今季の鹿島では[4-4-2]の2トップ、金崎との関係から見れば[4-4-1-1]のセカンドトップで起用されることが多かった。しかし、そこで土居が見せたのはパスやミドルシュートといった攻撃センスだけでなく、中盤の空いたスペースを的確に埋めるなど、単純にハードワークとは違うピンポイントのカバーリングやプレスバックで効果をもたらせる選手でもある。そうした特性をハリルホジッチ監督が求めるハイプレスや3つの高さのブロックの中で、どう生かして貢献できるのか未知数だが興味深い部分でもある。

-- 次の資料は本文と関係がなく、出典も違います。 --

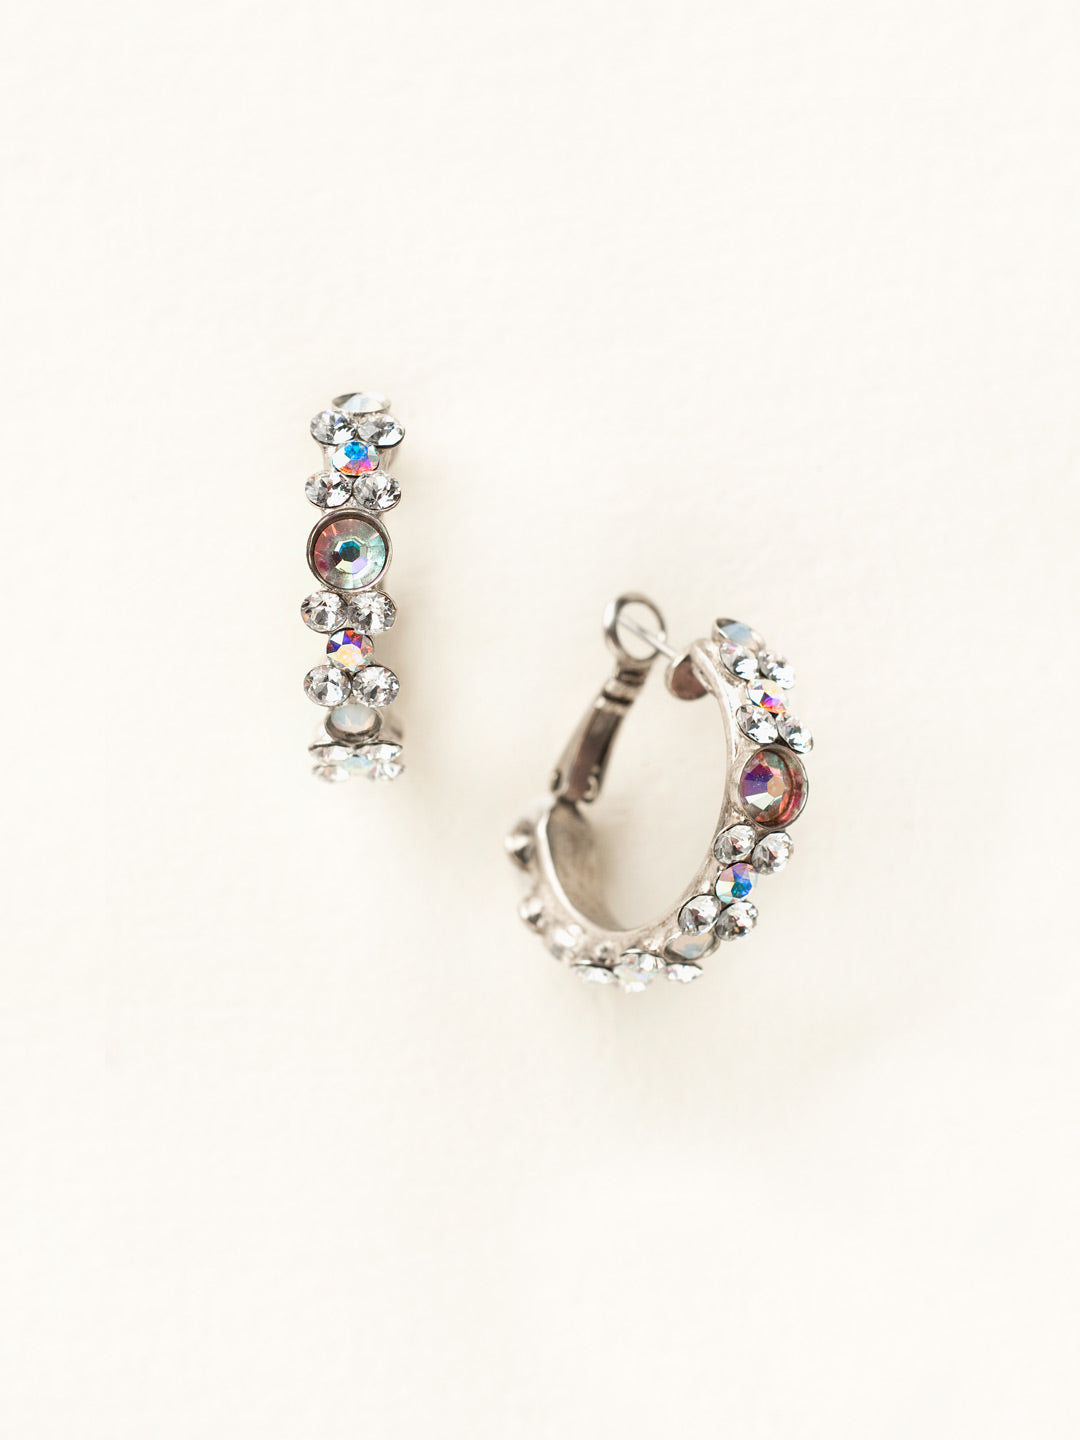 Floral Hoop Earrings - EBP15ASWBR - <p>Intricate design, infused with gorgeous shine. A motif of floral clusters is featured here on a small, delicate hoop with a hinged post backing. From Sorrelli's White Bridal collection in our Antique Silver-tone finish.</p>

鹿島での基本ポジションが示す通り攻撃センスがあると言っても、清武とはタイプも異なる。ただ、隙があれば裏を狙う“ハリルジャパン”の攻撃陣には非常に有効なアクセント役としてはまる可能性もあり、大島僚太(川崎フロンターレ)などとの組み合わせはチームに新たなソリューション(回答)をもたらすかもしれない。また左サイドもこなせる選手であり、FWとMFの両方を兼ねるマルチロール枠としてアピールできれば、追加招集からのフルメンバー定着というシナリオが現実になる可能性も十分にあると考えられるのだ。